2. I measured the two write operation throughput, NWRITE and SWRITE(streaming write). But there is no difference between them. Refer to the SRIO white paper, SWRITE have short header format,

and low overhead, So I guess it will affect the throughput. But nothing is happened.

Is there any result to compare the performance between NWRITE and SWRITE format in same size?

I couldn`t explain my problem in details due to my poor english. Sorry about that..

Thanks again.

Regards,

chanseok

over 9 years ago

0 Cvetolin Shulev-XID over 9 years ago

TI__Guru 65405 points

Hi Chanseok,

I've forwarded this to the design experts. Their feedback should be posted here.

BR
Tsvetolin Shulev

0 tscheck over 9 years ago

TI__Mastermind 23525 points

1) Have you seen table 18 in http://www.ti.com/lit/an/sprabk5b/sprabk5b.pdf

The HW can support 13.4Mbps in the scenario you are discussing. The SRIO peripheral will burst out the packets as fast as possible with virtually no interpacket gap. So I think either one of two things is happening, either the FPGA is not receiving the packets fast enough and issuing physical layer retries, or you have contention for resources happening inside the K2H device with memory accesses. A quick simple test for this is disable all other memory accesses and just do the SRIO traffic tx operations. What throughput do you get then?

2) Virtually no difference in performance between SWRITE and NWRITE for the same size.

Regards,

Travis

0 Chanseok Kang over 9 years ago in reply to tscheck

Intellectual 370 points

Dear Travis,

Thanks for very detailed answer. I will do that scenario case.

I have one more question, if you don`t mind. Actually, I send SRIO packet through DIO socket. In the driver code, there are no relationship between DIO and PKTDMA(QMSS+CPPI), I think.

So I have removed that code, and it works. Is this affect the overall performance of SRIO while disabling PKTDMA?

(I have doubt that when I try test using tput_benchmark including SRIO example, It didn`t work with my modified driver. But when I rolled back driver(the original one), It works. Only difference between them is QMSS initialization. My modified code does not contained QMSS initialization)

Thanks for your help.

Regards,

chanseok

0 tscheck over 9 years ago in reply to Chanseok Kang

TI__Mastermind 23525 points

Chanseok Kang said:
I have one more question, if you don`t mind. Actually, I send SRIO packet through DIO socket. In the driver code, there are no relationship between DIO and PKTDMA(QMSS+CPPI), I think.

Correct!

Chanseok Kang said:

So I have removed that code, and it works. Is this affect the overall performance of SRIO while disabling PKTDMA?

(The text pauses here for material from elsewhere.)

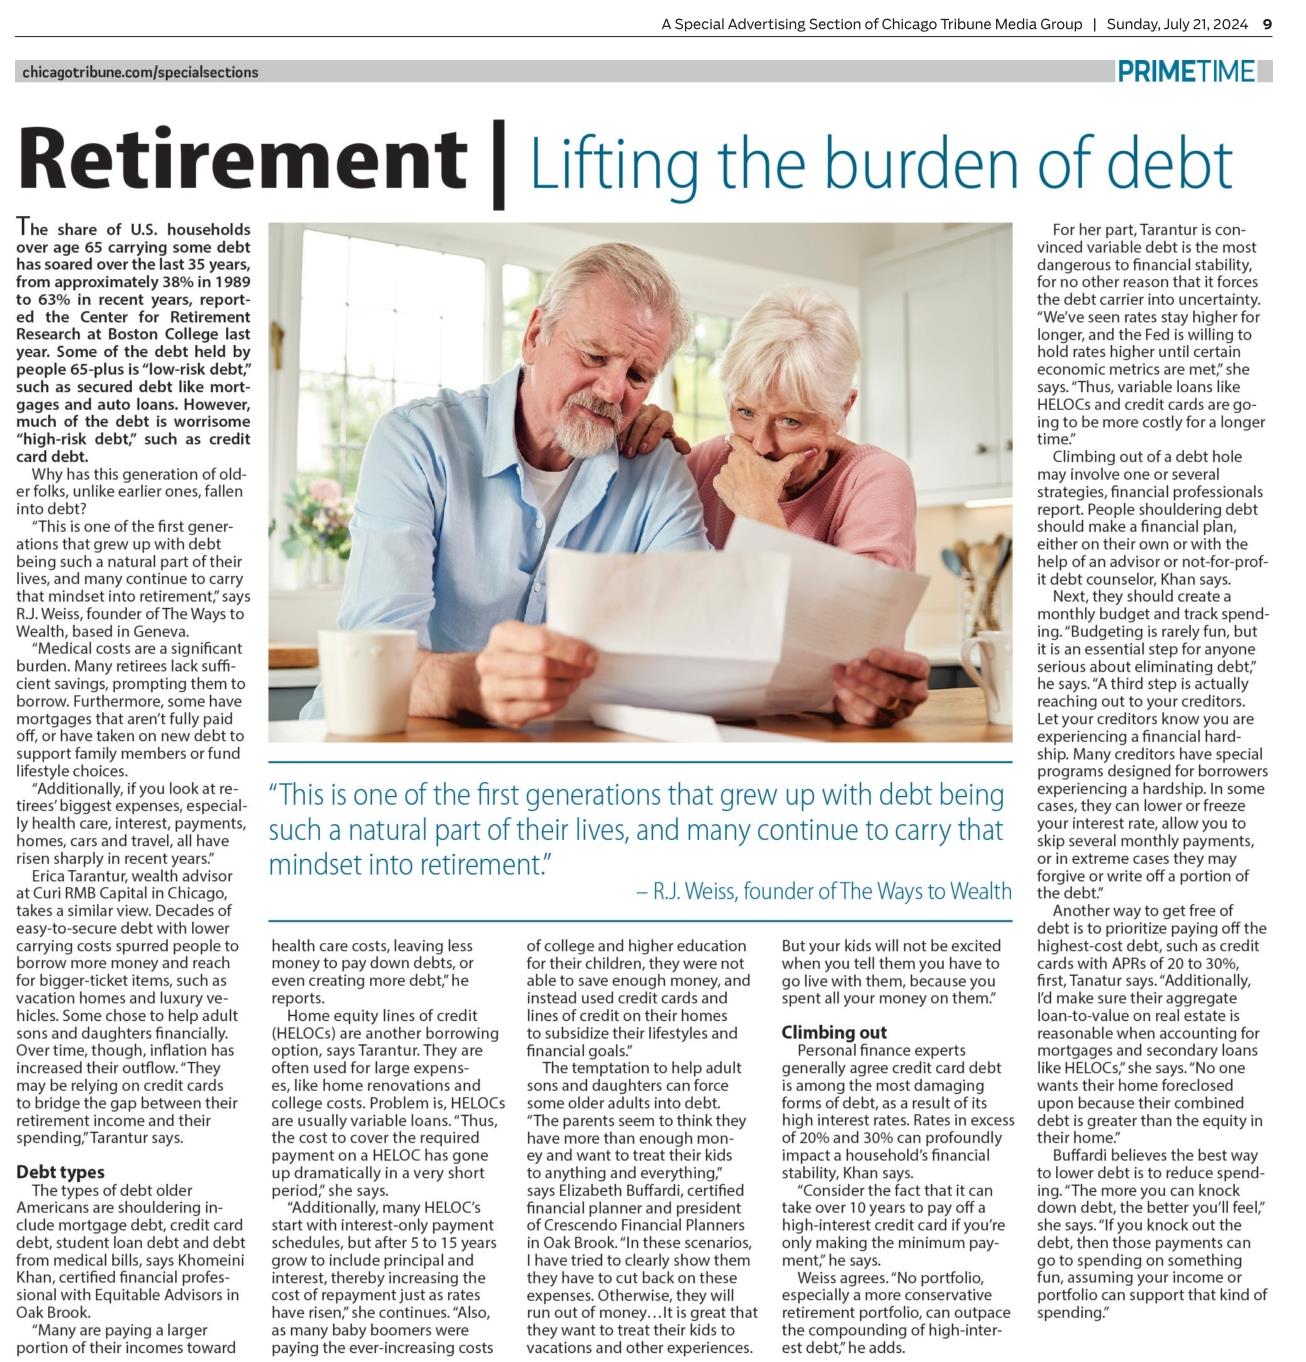 Image of an article in Chicago Tribune on retirement debt

(I have doubt that when I try test using tput_benchmark including SRIO example, It didn`t work with my modified driver. But when I rolled back driver(the original one), It works. Only difference between them is QMSS initialization. My modified code does not contained QMSS initialization)

You do not need any of the PKTDMA initialization when using DIO (LSU) mode. I'm not certain what in the code is causing it not to work unless you didn't enable the messaging tests or you removed too much in the initialization (like maybe serdes related) that prevented the DIO from working.

Regards,

Travis

0 Chanseok Kang over 9 years ago in reply to tscheck

Intellectual 370 points

Dear Travis,

Finally, I`ve done with my test, and found out what the cause is.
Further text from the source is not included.